We call getaddrinfo inside our Xorg module. Xorg unfortunately uses setitimer to generate recurring SIGALRM notifications, at 20ms intervals. This can cause various calls to libc to hang.
This is a typical stack trace:
#0 0xffffe402 in __kernel_vsyscall ()
#1 0x00960e6d in poll () from /lib/tls/i686/nosegneg/libc.so.6
#2 0x0098e431 in clntudp_call () from /lib/tls/i686/nosegneg/libc.so.6
#3 0x00b49f84 in do_ypcall () from /lib/libnsl.so.1
#4 0x00b4a6c0 in yp_match () from /lib/libnsl.so.1
#5 0xf77aa351 in internal_gethostbyname2_r () from /lib/libnss_nis.so.2
#6 0x009809bb in gethostbyname2_r@@GLIBC_2.1.2 () from
#7 0x0094f4ea in gaih_inet () from /lib/tls/i686/nosegneg/libc.so.6
#8 0x00952c2d in getaddrinfo () from /lib/tls/i686/nosegneg/libc.so.6
The issue is that clntudp_call retries calls to poll() with every EINTR, but does not adjust the timeout.

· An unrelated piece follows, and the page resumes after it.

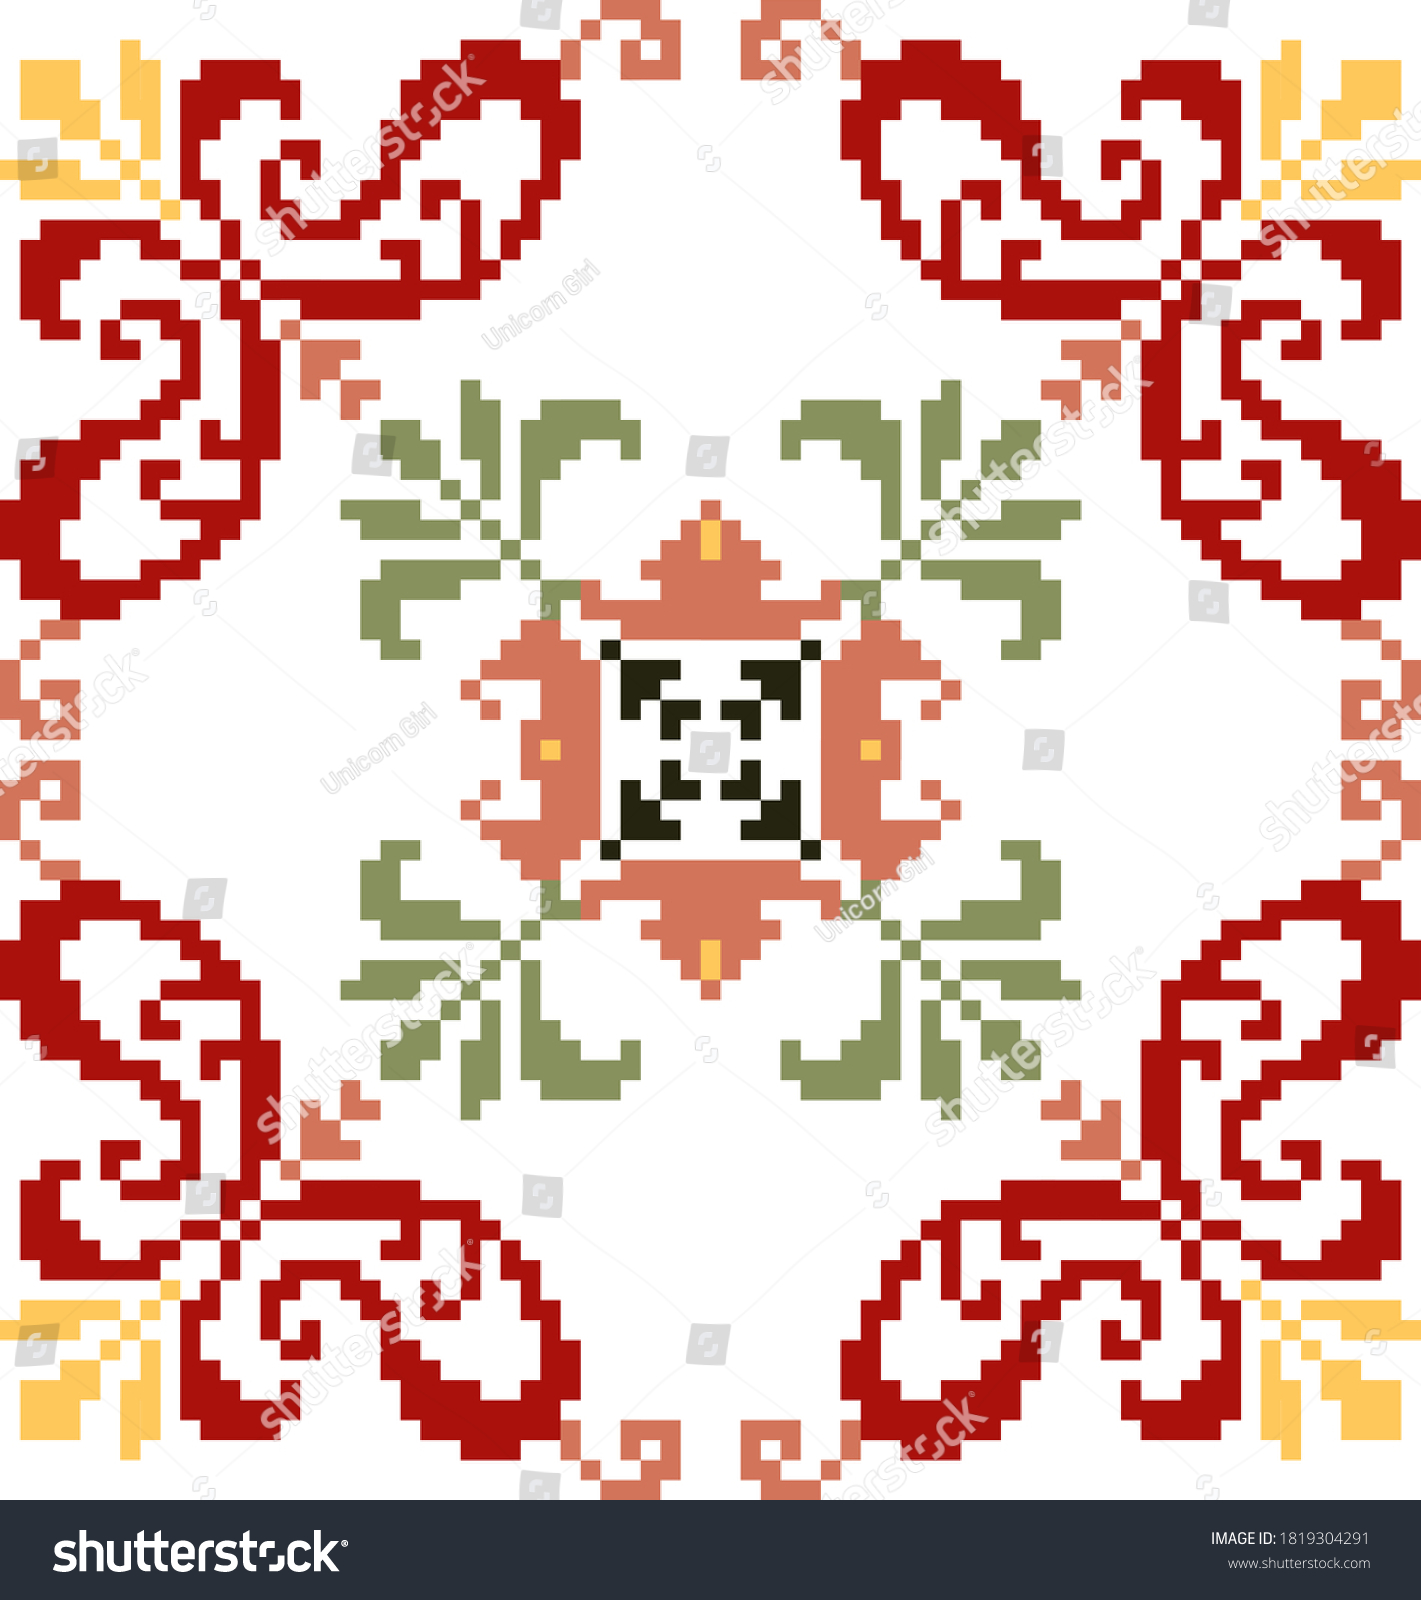 SVG of 
Scheme for cross-stitch flowers with leaves in red and green svg

See sunrpc/clnt_udp.c:L403. poll() is called repeatedly with the same timeout; we want clntudp_call() to eventually return within utimeout seconds, but when setitemer is using a shorter timeout, clntudp_call loops forever.
The fix is to adjust the timeout to poll each time we loop. (This is the normal way to handle EINTR with timeouts.)
Created attachment 7871 [details]
patch to fix the problem
The problem is not limited to nis or udp rpc; there are various parts of glibc that retry polls without recomputing timeouts. I'm testing this patch to fix them all.